» Provided material

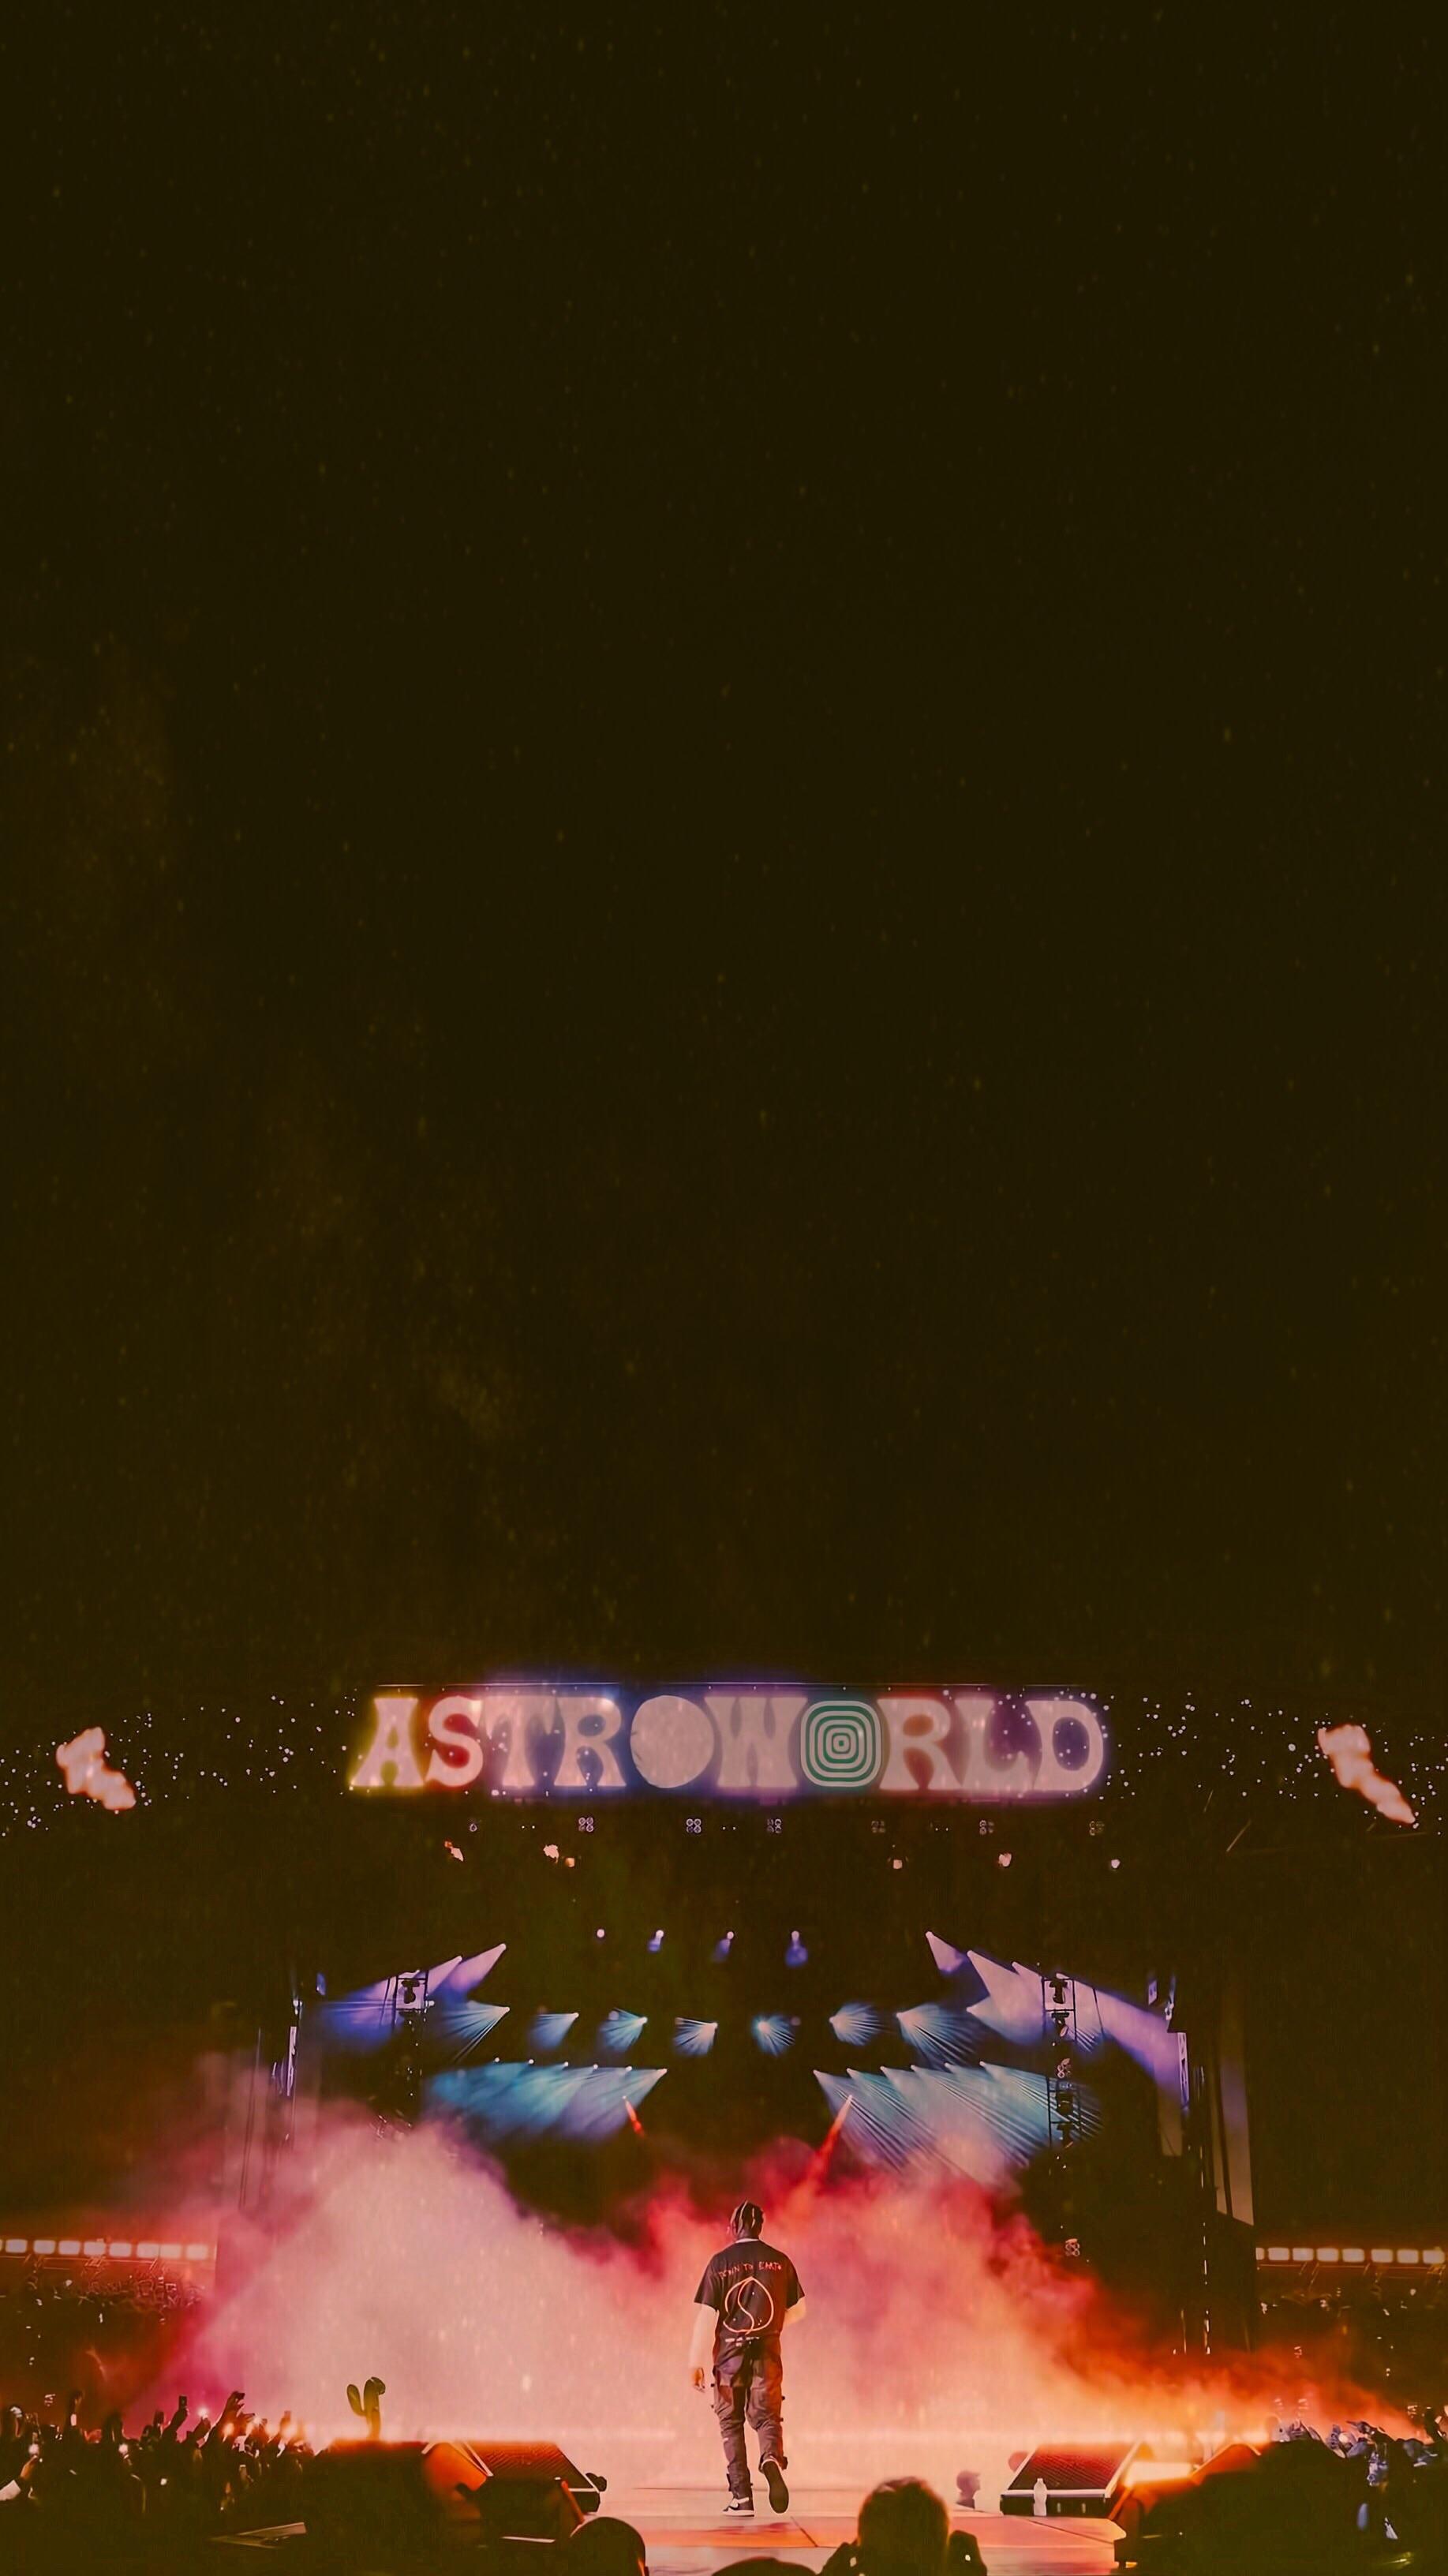 Astroworld wallpaper thought you guys would like
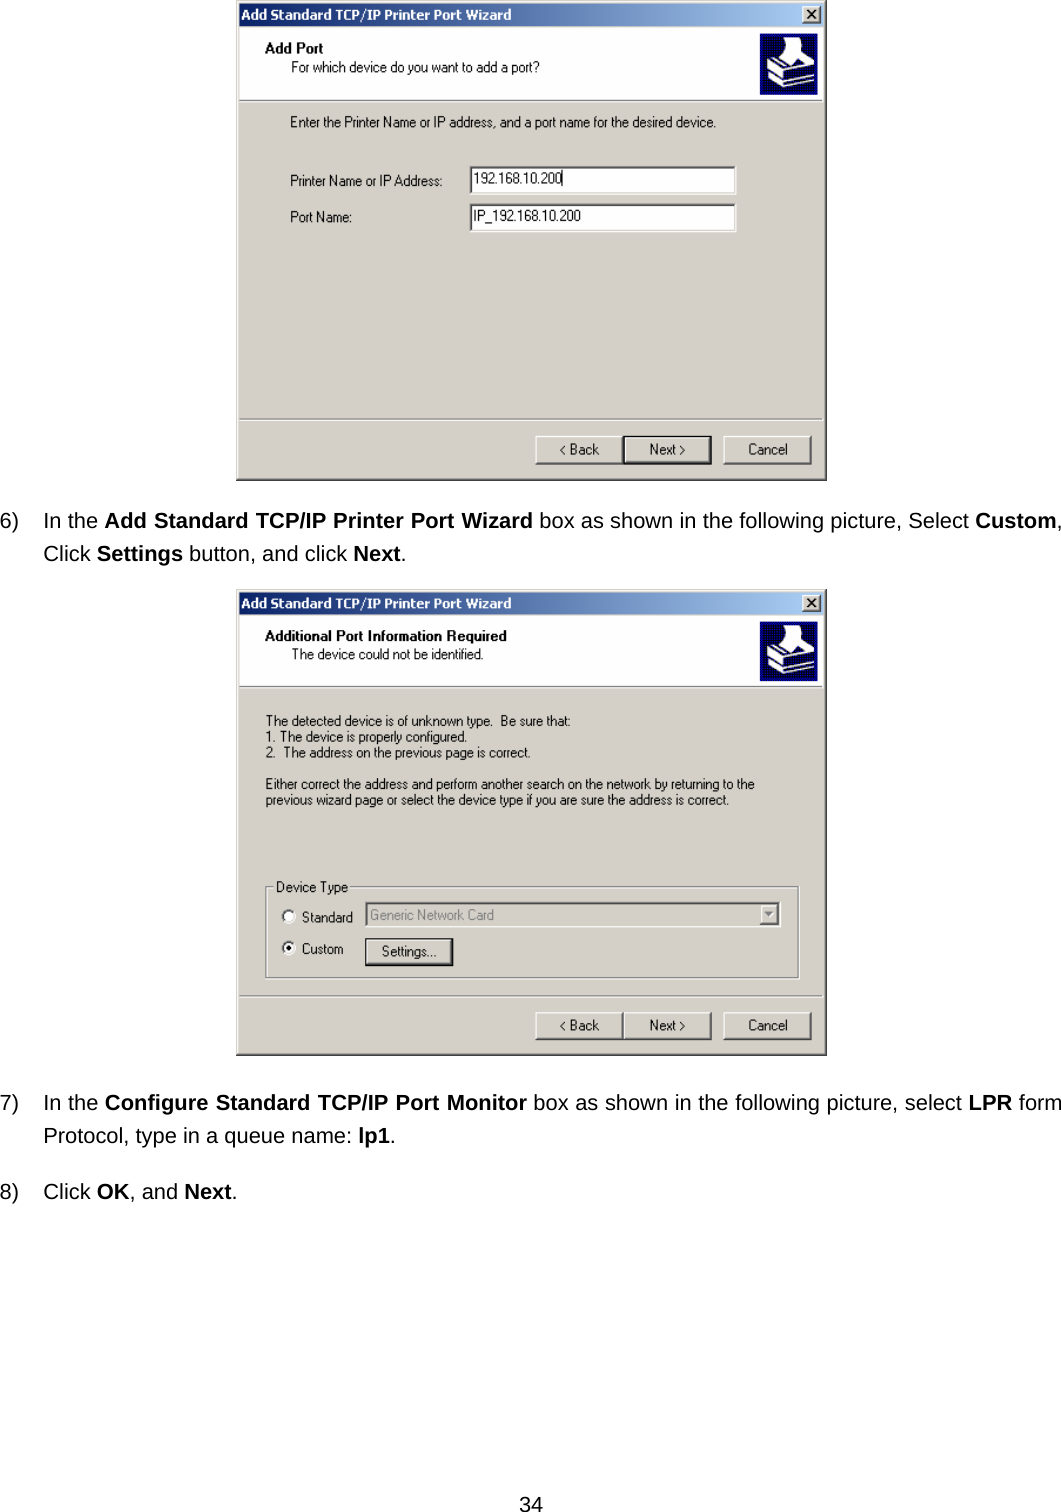  34   6) In the Add Standard TCP/IP Printer Port Wizard box as shown in the following picture, Select Custom, Click Settings button, and click Next.  7) In the Configure Standard TCP/IP Port Monitor box as shown in the following picture, select LPR form Protocol, type in a queue name: lp1. 8) Click OK, and Next. 
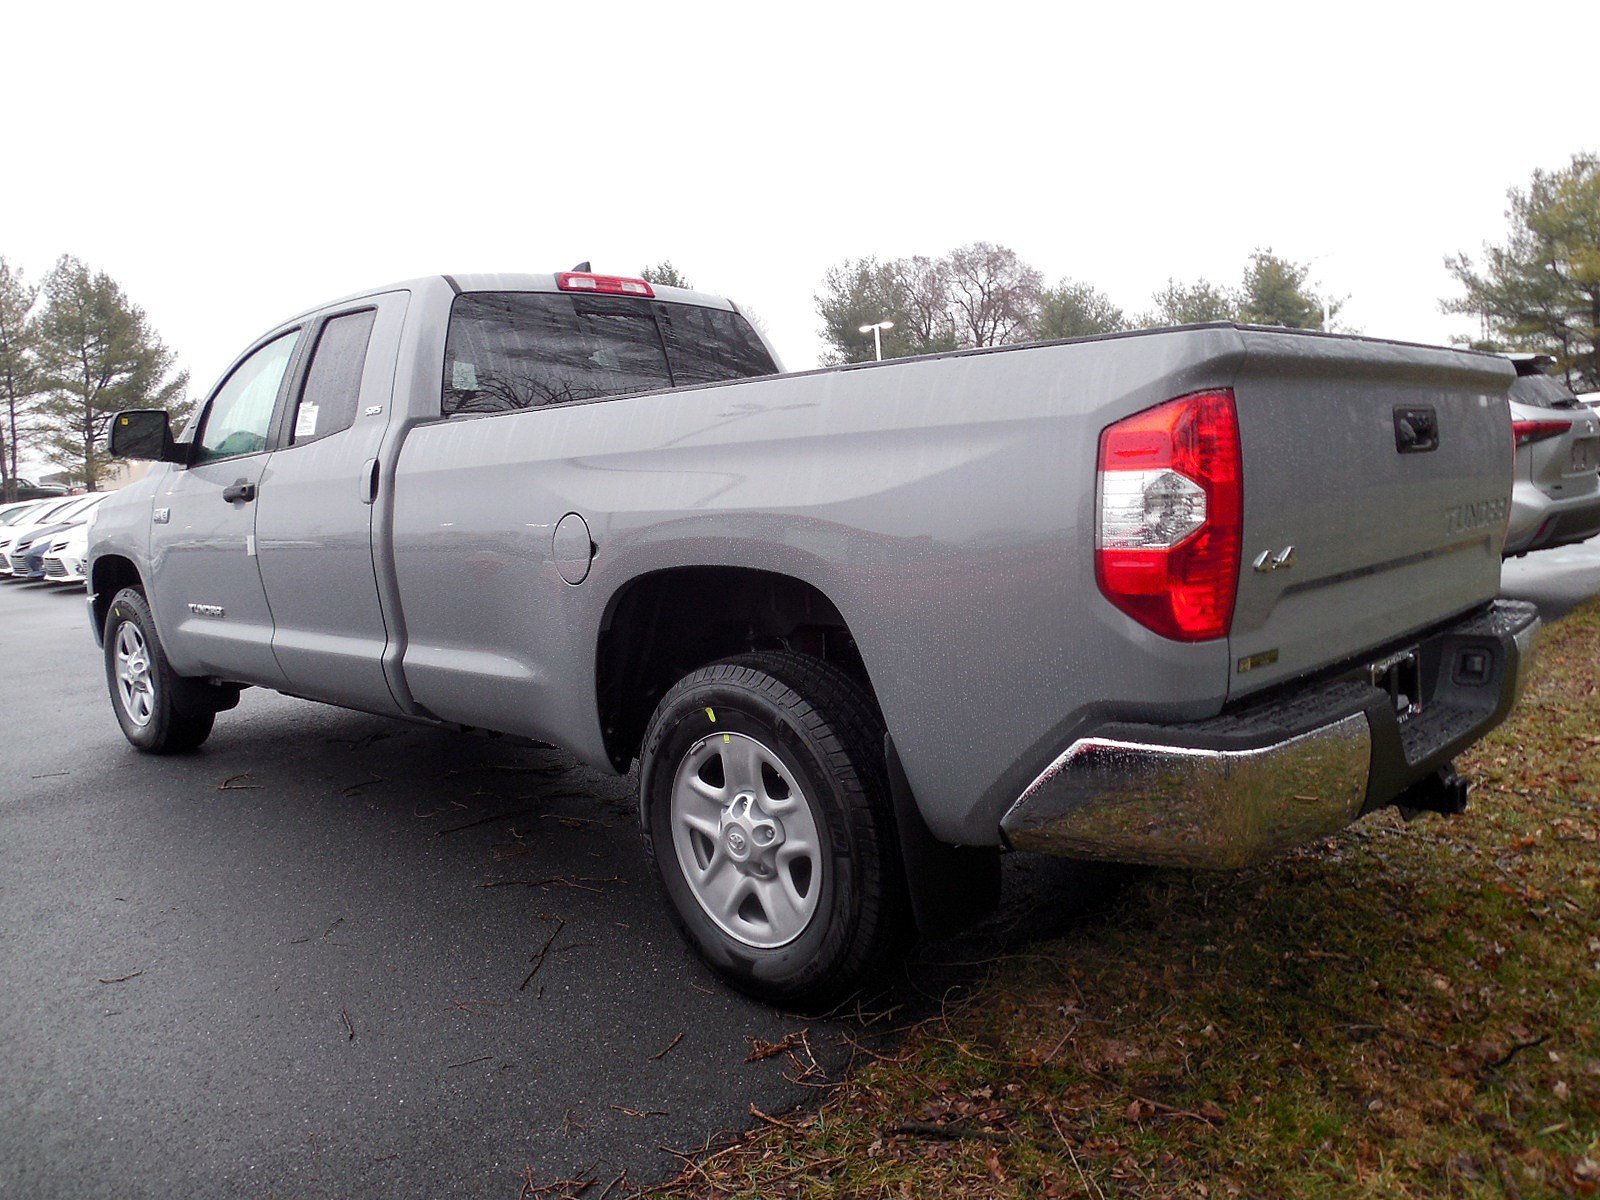 New 2020 Toyota Tundra SR5 Double Cab in East Petersburg #14622

» About this exercise
Word for word, reproduce all the data, but not the pictures.

» Solution for this problem
 Astroworld wallpaper thought you guys would like
  34   6) In the Add Standard TCP/IP Printer Port Wizard box as shown in the following picture, Select Custom, Click Settings button, and click Next.  7) In the Configure Standard TCP/IP Port Monitor box as shown in the following picture, select LPR form Protocol, type in a queue name: lp1. 8) Click OK, and Next. 
 New 2020 Toyota Tundra SR5 Double Cab in East Petersburg #14622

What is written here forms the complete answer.